What is needed -
Exclude all pictures from your copy of the data below, which should otherwise match exactly.

Data excerpt -
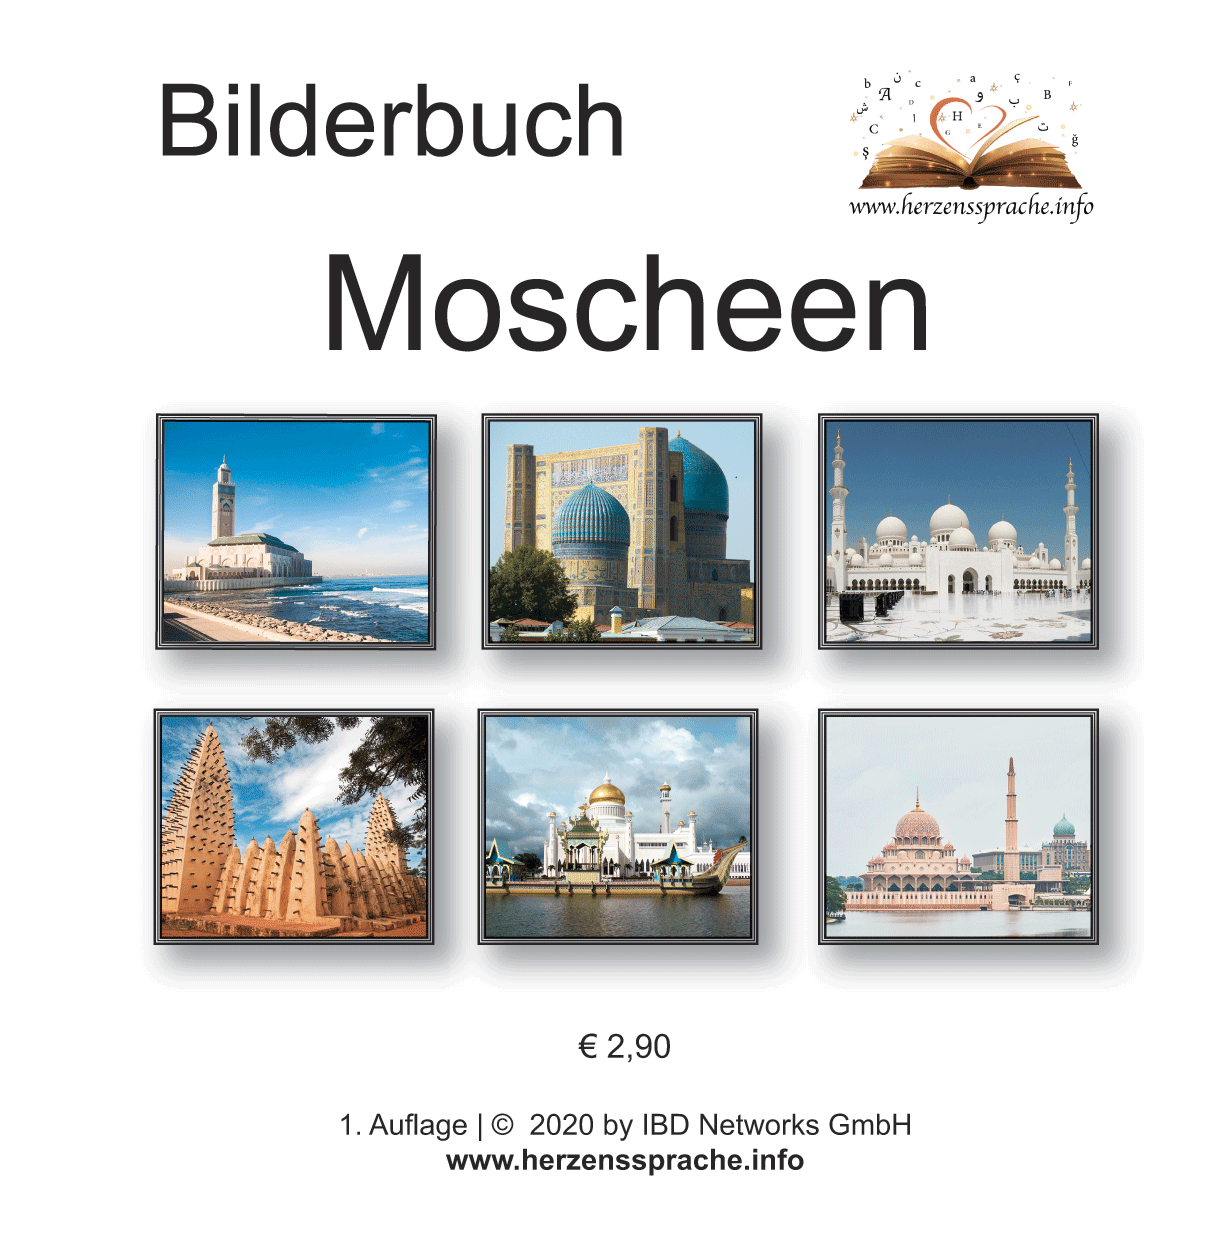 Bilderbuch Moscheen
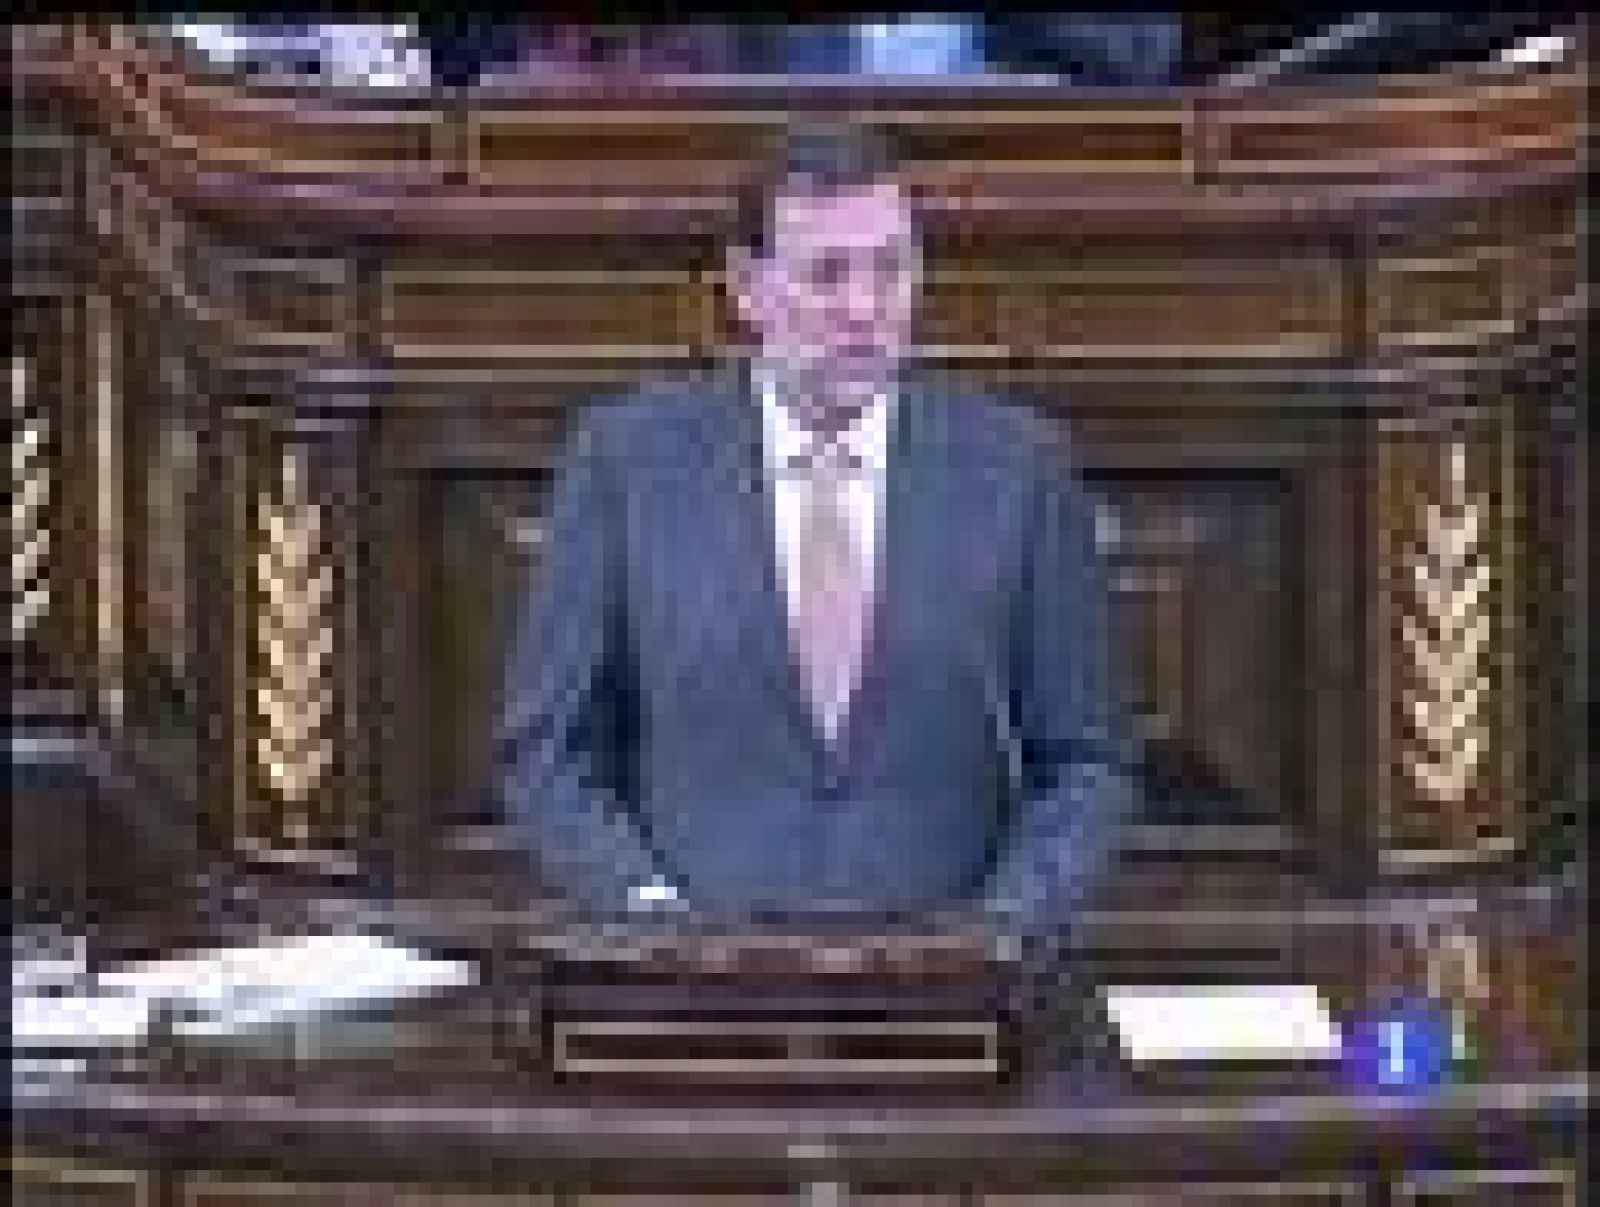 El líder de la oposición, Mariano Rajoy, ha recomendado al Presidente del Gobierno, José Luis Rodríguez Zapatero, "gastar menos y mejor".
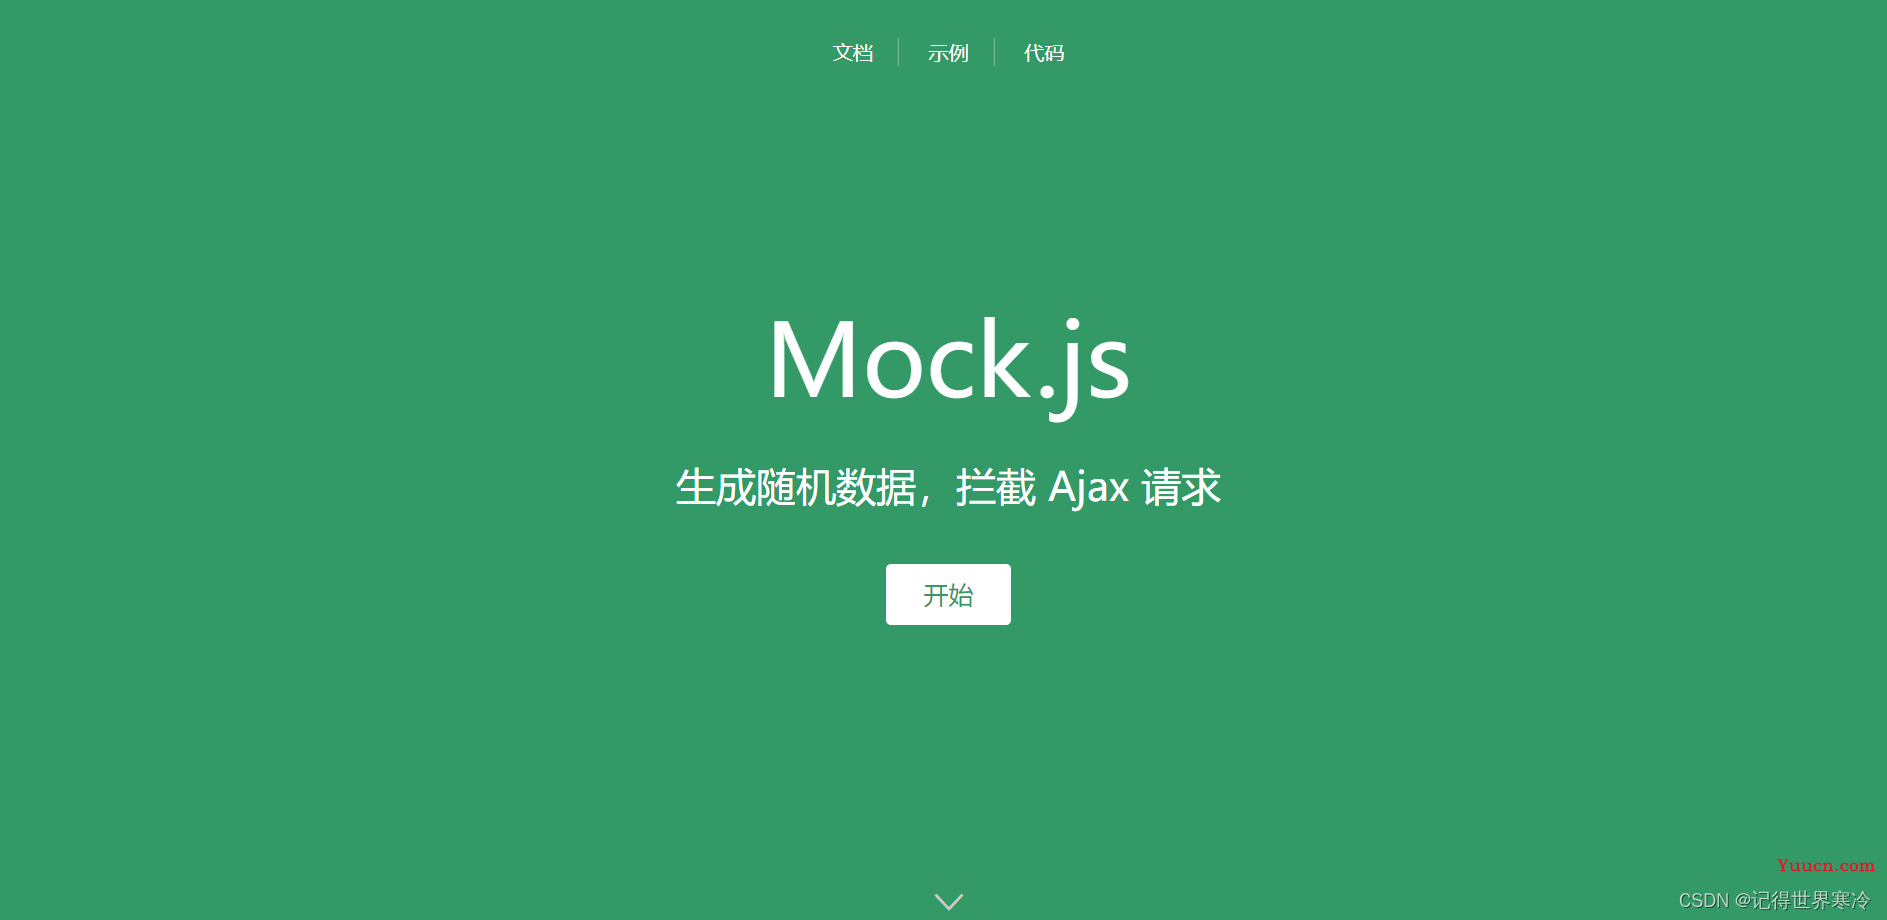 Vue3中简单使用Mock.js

Response to the task -
 Bilderbuch Moscheen
 El líder de la oposición, Mariano Rajoy, ha recomendado al Presidente del Gobierno, José Luis Rodríguez Zapatero, "gastar menos y mejor".
 Vue3中简单使用Mock.js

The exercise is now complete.